→ **Task item**: Copy nothing from the entries below except the lines from the one containing "Royal visit to New Zealand and Australia" through the one containing "ecommerce developers greece", and copy those exactly.

→ **Data for this exercise**:
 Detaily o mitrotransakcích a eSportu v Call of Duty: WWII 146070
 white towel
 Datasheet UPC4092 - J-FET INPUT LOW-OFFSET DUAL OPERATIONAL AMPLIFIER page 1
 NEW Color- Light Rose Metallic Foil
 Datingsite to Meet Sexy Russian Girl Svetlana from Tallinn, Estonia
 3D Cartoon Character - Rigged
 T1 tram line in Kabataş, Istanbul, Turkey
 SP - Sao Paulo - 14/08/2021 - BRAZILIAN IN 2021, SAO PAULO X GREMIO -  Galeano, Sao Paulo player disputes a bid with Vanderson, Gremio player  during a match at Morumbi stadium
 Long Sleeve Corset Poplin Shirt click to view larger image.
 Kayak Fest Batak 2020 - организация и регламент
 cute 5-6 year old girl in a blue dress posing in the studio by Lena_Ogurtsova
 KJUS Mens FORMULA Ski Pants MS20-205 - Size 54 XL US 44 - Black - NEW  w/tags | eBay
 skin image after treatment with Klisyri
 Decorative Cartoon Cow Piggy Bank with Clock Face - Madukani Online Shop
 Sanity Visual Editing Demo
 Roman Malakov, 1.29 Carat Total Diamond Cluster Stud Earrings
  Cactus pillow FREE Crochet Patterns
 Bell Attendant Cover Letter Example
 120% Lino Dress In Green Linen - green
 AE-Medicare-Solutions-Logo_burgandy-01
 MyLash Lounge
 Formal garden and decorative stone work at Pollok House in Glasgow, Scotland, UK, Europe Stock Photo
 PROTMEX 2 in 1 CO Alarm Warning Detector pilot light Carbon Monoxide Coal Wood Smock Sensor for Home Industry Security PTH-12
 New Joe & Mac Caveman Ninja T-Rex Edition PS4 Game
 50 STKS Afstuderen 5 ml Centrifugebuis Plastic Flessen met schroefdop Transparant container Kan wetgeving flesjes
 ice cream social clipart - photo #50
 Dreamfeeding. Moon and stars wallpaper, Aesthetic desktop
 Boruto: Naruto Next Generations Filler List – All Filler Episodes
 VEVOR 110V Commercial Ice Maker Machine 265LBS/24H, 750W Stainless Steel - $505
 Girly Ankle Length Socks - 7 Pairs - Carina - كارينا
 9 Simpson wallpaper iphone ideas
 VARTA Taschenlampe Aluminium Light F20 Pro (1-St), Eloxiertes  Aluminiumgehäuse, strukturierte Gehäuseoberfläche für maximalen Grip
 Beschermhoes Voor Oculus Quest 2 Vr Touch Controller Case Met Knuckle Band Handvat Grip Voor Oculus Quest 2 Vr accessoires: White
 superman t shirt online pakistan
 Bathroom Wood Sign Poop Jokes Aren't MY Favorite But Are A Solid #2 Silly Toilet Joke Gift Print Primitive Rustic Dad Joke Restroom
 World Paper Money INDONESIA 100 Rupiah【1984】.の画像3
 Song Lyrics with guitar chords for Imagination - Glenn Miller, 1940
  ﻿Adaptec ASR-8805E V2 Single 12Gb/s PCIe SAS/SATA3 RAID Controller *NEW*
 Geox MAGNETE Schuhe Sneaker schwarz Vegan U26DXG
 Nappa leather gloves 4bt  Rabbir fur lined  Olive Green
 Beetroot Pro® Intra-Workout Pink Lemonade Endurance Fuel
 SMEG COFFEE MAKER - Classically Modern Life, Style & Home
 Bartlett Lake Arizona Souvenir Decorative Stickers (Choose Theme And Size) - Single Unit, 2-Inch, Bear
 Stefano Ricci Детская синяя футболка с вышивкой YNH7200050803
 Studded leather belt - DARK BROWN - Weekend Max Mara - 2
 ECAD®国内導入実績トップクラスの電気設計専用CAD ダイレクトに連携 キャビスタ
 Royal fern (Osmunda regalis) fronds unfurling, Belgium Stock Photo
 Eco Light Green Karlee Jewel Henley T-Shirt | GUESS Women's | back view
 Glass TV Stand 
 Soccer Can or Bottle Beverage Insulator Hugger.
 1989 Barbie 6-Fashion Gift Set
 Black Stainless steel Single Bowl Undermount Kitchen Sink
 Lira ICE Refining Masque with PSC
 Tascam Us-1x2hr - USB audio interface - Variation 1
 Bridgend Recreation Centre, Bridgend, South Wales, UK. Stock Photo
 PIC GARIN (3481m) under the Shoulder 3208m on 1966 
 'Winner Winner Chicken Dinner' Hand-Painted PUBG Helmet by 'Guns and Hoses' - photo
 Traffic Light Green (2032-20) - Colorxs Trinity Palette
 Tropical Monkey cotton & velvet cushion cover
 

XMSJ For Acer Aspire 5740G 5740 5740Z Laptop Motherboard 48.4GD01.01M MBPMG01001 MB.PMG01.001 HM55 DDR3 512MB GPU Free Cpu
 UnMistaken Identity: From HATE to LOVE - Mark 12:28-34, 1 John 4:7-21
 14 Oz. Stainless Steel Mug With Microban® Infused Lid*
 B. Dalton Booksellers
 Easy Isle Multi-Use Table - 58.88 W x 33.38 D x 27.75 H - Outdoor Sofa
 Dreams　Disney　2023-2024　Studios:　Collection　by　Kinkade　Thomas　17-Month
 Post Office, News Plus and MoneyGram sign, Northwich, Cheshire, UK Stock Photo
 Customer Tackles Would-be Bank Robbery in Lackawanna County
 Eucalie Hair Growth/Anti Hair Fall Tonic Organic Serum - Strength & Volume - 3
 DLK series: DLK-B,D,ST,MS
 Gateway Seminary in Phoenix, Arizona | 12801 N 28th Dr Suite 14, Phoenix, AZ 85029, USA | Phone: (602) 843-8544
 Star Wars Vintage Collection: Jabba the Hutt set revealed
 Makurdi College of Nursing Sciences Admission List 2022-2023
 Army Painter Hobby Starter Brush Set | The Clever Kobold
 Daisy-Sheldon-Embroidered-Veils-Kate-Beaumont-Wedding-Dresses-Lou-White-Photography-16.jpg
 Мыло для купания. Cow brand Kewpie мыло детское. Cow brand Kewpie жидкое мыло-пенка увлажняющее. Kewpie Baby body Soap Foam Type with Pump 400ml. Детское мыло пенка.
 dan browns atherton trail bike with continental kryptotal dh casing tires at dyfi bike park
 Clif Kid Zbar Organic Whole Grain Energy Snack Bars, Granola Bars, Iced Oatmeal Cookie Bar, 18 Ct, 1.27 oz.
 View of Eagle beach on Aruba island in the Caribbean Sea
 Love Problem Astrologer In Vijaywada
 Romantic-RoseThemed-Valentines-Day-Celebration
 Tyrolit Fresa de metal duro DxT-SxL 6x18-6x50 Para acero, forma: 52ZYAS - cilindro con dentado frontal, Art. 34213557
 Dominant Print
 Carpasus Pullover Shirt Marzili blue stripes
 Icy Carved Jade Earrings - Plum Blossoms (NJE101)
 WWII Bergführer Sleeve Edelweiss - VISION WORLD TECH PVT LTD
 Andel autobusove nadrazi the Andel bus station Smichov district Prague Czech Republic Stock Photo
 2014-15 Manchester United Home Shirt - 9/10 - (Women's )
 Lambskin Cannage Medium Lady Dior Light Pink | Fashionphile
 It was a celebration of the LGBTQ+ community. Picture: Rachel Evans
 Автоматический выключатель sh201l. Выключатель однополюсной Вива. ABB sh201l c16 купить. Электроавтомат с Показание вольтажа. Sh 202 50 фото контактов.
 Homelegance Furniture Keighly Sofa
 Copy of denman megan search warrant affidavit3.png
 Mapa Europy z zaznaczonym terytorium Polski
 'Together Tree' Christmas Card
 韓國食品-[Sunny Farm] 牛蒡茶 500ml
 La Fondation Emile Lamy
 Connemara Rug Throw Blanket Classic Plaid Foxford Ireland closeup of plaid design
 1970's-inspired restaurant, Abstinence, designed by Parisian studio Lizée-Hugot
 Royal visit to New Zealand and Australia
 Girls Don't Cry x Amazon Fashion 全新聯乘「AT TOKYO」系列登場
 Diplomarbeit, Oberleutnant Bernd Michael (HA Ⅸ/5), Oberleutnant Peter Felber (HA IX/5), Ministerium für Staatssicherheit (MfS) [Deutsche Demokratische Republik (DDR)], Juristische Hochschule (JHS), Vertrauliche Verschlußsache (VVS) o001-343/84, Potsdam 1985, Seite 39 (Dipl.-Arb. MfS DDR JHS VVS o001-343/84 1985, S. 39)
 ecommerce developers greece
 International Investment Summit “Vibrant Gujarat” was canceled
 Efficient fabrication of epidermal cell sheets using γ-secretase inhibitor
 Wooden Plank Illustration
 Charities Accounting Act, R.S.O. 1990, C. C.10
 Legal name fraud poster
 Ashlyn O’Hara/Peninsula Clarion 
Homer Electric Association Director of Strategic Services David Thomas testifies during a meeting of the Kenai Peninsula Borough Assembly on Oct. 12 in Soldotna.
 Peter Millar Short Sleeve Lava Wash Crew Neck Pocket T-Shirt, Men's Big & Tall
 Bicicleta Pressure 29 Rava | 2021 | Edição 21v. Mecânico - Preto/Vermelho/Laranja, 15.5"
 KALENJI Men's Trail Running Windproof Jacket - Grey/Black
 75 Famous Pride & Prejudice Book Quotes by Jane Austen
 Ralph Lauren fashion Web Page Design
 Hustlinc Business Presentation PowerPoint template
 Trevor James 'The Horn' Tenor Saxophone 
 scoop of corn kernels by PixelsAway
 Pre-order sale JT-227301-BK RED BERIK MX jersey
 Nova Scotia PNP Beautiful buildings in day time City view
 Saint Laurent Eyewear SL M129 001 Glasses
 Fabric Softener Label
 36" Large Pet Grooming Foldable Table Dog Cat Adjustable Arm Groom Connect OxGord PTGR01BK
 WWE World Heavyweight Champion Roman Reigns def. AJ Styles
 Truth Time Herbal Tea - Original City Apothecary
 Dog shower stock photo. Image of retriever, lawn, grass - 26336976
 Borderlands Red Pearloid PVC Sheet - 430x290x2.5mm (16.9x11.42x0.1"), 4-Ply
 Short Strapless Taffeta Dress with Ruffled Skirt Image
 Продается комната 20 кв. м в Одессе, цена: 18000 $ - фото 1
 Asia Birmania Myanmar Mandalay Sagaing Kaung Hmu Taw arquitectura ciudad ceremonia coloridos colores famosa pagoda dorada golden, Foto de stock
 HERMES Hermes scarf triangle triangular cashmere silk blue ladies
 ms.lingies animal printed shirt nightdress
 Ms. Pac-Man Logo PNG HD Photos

→ **Response area**:
 Royal visit to New Zealand and Australia
 Girls Don't Cry x Amazon Fashion 全新聯乘「AT TOKYO」系列登場
 Diplomarbeit, Oberleutnant Bernd Michael (HA Ⅸ/5), Oberleutnant Peter Felber (HA IX/5), Ministerium für Staatssicherheit (MfS) [Deutsche Demokratische Republik (DDR)], Juristische Hochschule (JHS), Vertrauliche Verschlußsache (VVS) o001-343/84, Potsdam 1985, Seite 39 (Dipl.-Arb. MfS DDR JHS VVS o001-343/84 1985, S. 39)
 ecommerce developers greece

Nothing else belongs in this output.